What you have to do - Filter the listing for lines containing "einem".
• • • • • • •
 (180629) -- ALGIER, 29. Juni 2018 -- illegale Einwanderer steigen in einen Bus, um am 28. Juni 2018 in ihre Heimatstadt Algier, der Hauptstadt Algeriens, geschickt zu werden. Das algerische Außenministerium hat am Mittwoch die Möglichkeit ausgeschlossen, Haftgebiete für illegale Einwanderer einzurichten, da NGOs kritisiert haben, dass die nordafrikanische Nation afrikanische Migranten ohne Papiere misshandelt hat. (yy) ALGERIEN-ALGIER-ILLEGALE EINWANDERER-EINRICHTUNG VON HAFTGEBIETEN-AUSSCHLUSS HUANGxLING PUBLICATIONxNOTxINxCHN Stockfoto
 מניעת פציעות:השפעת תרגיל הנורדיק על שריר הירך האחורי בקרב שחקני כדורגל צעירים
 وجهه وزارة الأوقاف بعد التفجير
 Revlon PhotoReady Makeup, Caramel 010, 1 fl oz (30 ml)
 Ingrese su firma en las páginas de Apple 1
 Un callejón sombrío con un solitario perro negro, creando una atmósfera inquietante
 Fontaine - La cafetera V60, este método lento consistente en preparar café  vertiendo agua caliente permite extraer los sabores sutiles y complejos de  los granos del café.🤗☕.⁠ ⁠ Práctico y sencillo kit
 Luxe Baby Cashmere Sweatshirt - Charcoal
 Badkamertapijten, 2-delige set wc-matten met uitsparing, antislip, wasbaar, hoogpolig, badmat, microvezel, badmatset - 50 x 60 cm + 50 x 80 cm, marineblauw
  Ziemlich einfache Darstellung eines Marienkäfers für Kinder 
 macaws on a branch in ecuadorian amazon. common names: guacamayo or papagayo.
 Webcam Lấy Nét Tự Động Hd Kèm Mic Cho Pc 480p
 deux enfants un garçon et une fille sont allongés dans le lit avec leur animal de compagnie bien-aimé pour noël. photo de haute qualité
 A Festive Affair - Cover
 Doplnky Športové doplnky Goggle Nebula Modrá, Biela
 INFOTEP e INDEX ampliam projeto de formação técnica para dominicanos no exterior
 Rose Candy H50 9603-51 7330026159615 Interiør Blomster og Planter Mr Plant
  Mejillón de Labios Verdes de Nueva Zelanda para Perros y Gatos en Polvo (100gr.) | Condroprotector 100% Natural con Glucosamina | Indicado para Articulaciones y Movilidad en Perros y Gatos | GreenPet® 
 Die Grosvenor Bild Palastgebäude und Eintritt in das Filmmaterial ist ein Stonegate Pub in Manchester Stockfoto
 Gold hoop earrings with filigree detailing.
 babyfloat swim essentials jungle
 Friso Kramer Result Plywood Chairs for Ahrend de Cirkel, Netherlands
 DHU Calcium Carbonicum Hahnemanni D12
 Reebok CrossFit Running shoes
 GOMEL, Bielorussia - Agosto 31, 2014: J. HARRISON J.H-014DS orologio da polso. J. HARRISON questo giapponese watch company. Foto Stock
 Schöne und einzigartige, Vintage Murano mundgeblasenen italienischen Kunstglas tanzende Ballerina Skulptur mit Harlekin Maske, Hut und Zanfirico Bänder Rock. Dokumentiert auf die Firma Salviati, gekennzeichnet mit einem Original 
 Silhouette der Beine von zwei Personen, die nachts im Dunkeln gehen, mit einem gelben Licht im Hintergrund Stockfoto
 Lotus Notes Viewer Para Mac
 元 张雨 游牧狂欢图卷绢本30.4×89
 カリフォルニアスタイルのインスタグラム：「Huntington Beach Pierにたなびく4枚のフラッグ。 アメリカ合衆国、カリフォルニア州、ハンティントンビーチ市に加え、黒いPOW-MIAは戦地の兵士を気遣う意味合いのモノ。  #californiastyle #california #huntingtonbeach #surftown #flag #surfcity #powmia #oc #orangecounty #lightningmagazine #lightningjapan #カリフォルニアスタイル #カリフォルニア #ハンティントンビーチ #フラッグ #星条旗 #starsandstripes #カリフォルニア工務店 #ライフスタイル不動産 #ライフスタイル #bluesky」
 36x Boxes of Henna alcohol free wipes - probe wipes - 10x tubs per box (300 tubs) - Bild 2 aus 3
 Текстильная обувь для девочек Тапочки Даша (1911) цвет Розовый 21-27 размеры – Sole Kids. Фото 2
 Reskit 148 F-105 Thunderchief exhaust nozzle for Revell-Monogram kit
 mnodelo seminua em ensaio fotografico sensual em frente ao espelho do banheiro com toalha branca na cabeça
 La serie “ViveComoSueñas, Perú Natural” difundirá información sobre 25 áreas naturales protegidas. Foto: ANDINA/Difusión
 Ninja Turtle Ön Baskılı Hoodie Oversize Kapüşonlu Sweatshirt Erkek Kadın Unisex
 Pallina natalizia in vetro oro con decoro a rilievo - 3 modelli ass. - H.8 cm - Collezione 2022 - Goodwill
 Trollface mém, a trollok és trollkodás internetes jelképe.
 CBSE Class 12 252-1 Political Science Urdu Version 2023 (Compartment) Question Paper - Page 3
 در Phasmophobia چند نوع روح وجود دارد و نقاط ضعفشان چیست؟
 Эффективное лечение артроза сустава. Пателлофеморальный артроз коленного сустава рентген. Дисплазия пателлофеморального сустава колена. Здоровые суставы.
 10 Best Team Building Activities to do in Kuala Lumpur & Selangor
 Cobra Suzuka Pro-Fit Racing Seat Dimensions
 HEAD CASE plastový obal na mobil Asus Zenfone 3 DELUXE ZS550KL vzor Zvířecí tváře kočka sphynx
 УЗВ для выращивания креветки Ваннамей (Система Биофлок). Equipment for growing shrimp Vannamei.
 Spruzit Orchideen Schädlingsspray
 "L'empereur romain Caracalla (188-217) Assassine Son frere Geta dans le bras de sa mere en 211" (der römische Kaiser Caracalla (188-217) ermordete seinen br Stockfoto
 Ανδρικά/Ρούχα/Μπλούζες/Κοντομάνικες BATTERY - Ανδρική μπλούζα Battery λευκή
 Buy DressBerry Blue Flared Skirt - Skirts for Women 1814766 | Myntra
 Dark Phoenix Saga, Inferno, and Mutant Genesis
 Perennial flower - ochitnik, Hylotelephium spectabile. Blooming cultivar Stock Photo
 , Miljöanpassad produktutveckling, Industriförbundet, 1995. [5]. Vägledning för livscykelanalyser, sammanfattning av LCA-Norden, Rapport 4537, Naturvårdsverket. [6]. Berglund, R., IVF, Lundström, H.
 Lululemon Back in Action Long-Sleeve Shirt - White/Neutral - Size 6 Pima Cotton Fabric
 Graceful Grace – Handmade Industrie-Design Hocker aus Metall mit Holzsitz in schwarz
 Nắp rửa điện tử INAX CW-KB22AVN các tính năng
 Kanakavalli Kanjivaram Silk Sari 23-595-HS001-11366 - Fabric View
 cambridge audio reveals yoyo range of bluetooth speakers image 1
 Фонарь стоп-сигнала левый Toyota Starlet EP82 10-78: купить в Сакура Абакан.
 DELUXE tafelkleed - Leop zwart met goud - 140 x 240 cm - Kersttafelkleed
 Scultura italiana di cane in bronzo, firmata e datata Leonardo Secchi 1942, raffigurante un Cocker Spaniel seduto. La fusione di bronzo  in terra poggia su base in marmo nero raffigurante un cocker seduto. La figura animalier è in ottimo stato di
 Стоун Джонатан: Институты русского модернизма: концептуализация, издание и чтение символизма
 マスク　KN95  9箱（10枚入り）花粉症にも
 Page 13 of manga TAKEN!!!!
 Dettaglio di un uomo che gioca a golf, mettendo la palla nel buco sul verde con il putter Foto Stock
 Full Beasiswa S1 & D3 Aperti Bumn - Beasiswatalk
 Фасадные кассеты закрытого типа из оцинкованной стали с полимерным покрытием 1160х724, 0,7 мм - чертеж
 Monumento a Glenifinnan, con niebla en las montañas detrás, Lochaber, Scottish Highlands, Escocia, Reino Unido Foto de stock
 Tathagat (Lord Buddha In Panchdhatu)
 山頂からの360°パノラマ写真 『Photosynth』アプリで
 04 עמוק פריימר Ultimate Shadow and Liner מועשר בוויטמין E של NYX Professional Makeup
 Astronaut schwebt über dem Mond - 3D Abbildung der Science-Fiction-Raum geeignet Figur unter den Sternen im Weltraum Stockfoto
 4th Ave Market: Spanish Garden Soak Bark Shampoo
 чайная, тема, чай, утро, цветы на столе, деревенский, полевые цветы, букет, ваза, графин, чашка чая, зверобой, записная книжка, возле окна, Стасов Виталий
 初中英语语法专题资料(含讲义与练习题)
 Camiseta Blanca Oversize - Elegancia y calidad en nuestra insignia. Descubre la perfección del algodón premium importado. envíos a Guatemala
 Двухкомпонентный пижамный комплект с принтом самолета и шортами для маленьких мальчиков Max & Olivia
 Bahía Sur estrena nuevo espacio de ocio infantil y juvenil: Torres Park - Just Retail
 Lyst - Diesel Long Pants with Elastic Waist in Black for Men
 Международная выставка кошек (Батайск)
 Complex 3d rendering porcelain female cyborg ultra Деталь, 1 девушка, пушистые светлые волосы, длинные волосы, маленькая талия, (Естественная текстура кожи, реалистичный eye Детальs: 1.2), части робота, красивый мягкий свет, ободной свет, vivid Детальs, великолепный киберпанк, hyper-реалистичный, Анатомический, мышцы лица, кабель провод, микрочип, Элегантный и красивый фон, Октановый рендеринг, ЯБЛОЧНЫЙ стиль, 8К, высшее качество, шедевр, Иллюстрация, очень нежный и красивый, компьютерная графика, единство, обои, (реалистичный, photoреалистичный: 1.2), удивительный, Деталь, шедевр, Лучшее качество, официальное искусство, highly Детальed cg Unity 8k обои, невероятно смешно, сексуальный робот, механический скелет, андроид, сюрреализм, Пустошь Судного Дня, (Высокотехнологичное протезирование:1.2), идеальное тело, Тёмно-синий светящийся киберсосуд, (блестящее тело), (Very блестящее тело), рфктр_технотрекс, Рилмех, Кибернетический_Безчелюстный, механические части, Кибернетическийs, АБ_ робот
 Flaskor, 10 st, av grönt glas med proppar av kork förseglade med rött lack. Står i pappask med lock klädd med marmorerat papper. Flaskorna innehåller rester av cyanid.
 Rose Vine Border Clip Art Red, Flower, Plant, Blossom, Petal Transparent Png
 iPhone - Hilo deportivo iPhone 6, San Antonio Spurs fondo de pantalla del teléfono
• • • • • • •
Problem solution -
 Schöne und einzigartige, Vintage Murano mundgeblasenen italienischen Kunstglas tanzende Ballerina Skulptur mit Harlekin Maske, Hut und Zanfirico Bänder Rock. Dokumentiert auf die Firma Salviati, gekennzeichnet mit einem Original 
 Silhouette der Beine von zwei Personen, die nachts im Dunkeln gehen, mit einem gelben Licht im Hintergrund Stockfoto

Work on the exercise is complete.